Известно, к примеру, что, по сути дела, министр с хозяйством побольше, чем у многих прочих министров, всем известный Орлов А. Г., начальник Главспецстроя НКВД, человек, ведущий силами спецконтингента множество строек от побережья Охотского моря до побережья Баренцева моря, отвечающий за исполнение гигантского объема работ невероятной сложности и важности, пребывал в необычном звании всего лишь старшего майора, правда, госбезопасности. Звание званием, а в петлице у майора был ромб!
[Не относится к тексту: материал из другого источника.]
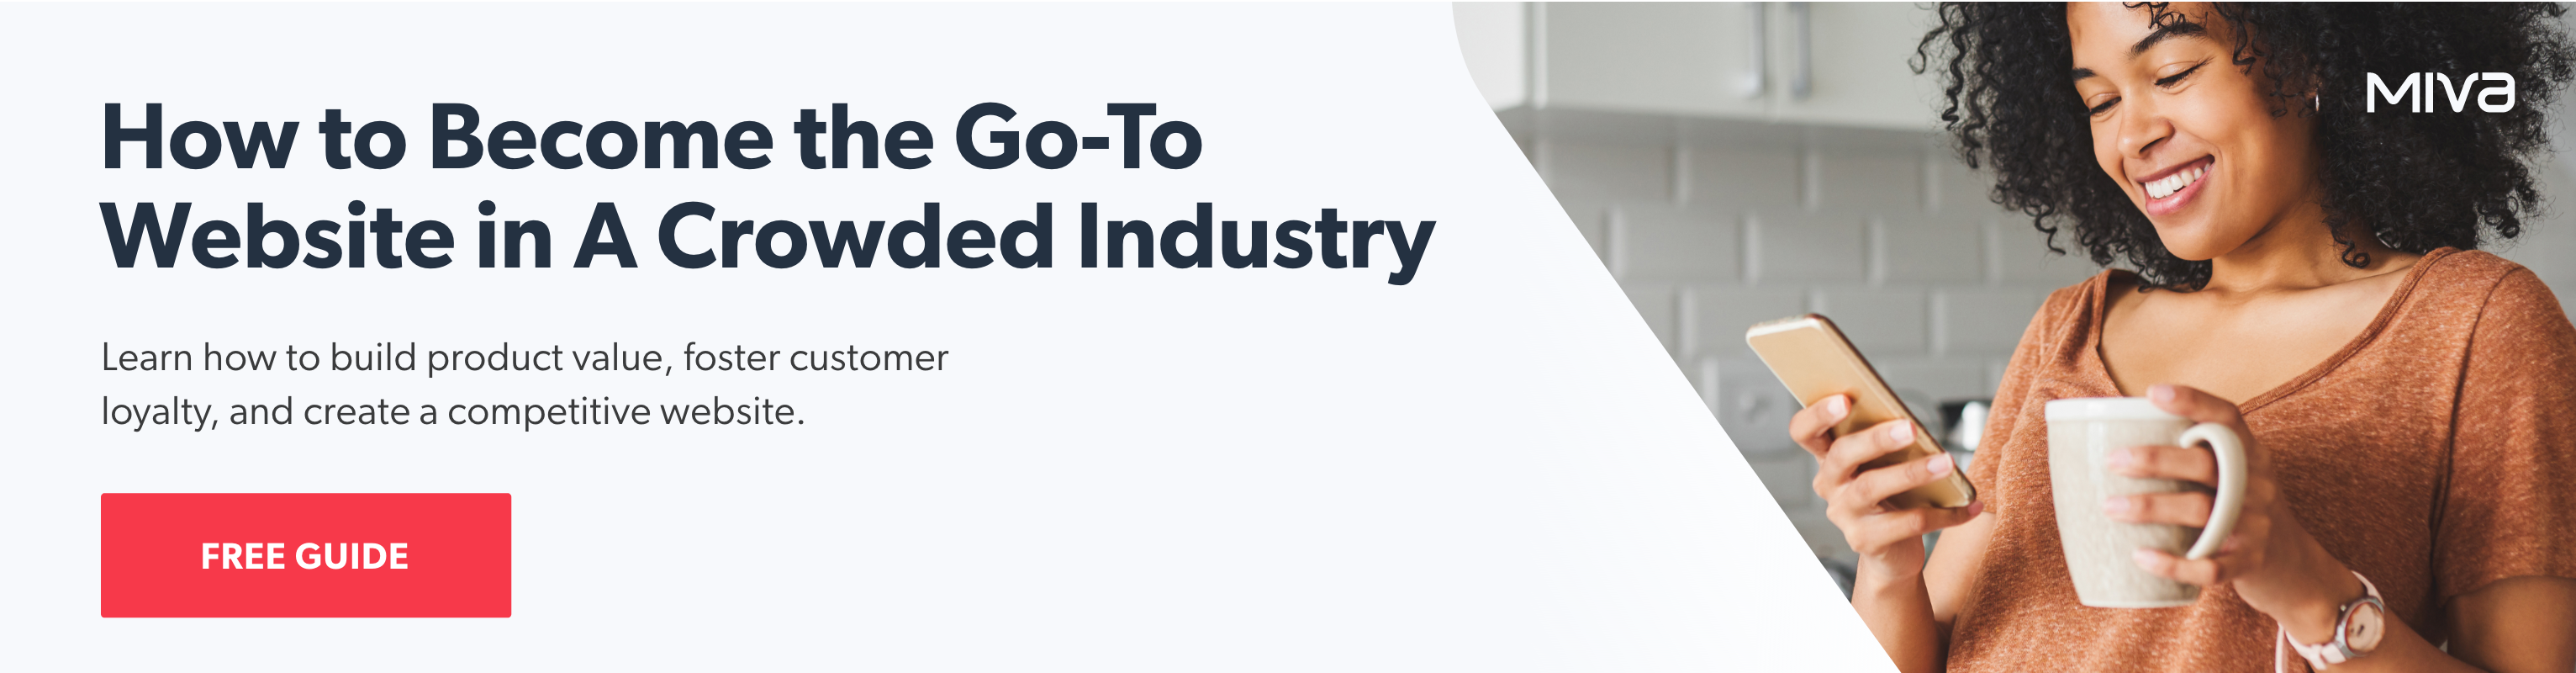 Free Guide | How to Become the Go-To Website in a Crowded Industry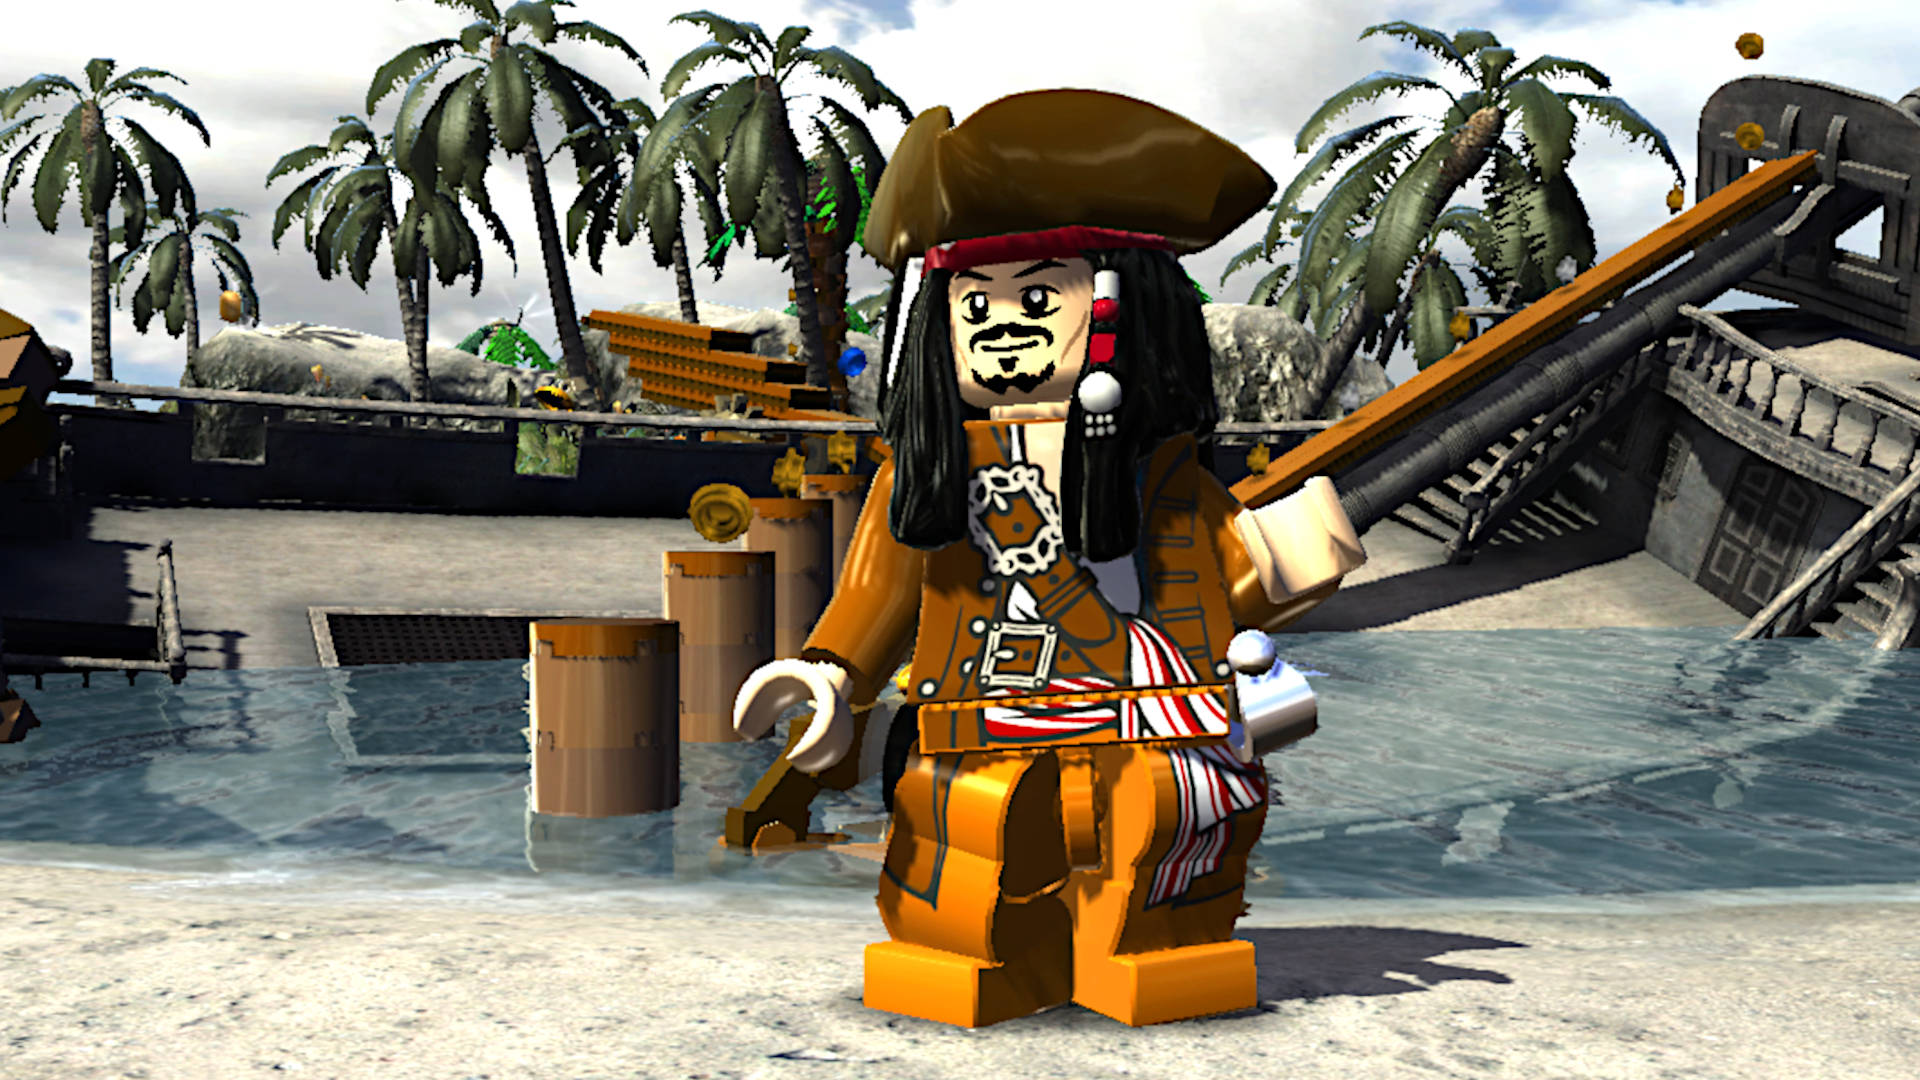 Best Pirate games: a Lego version of Captain Jack Sparrow, standing next to a sunken ship.

Так может ли хотя бы и комендант, пусть даже Ленинградского округа, имея на фуражке традиционный для определенного рода войск в России синий околыш, сетовать на недостаток шпал в петлицах?
Нет, конечно.
Больше о пожилом старшем лейтенанте Поликарпове А. Р. сказать нечего, одно слово – добросовестный исполнитель.
Да, и уж самое последнее. В июне 1939 года старший лейтенант Поликарпов застрелился, оставив предсмертную записку. Что уж он там написал, так и осталось для многих неизвестным, потому как секретарь Ленинградского областного комитета ВКП(б) товарищ Кузнецов, курировавший органы, когда получил материалы о загадочной кончине Поликарпова А. Р., записку прочитал, порвал и выкинул.
Понять поступок Аркадия Романовича было трудно, вроде бы тяжелое, опасное время миновало. Прошло уже два года, как сеявший страх Николай Иванович Ежов стал мирным наркомом водного хозяйства, а заменил его на высоком посту добрейший Лаврентий Павлович Берия, начавший свою деятельность с пересмотра некоторых приговоров, необоснованно вынесенных в пору ежовщины.
Что заставило коменданта вынести себе приговор и привести в исполнение? Трудно сказать. Записка могла бы пролить свет, но, увы, уже не прольет.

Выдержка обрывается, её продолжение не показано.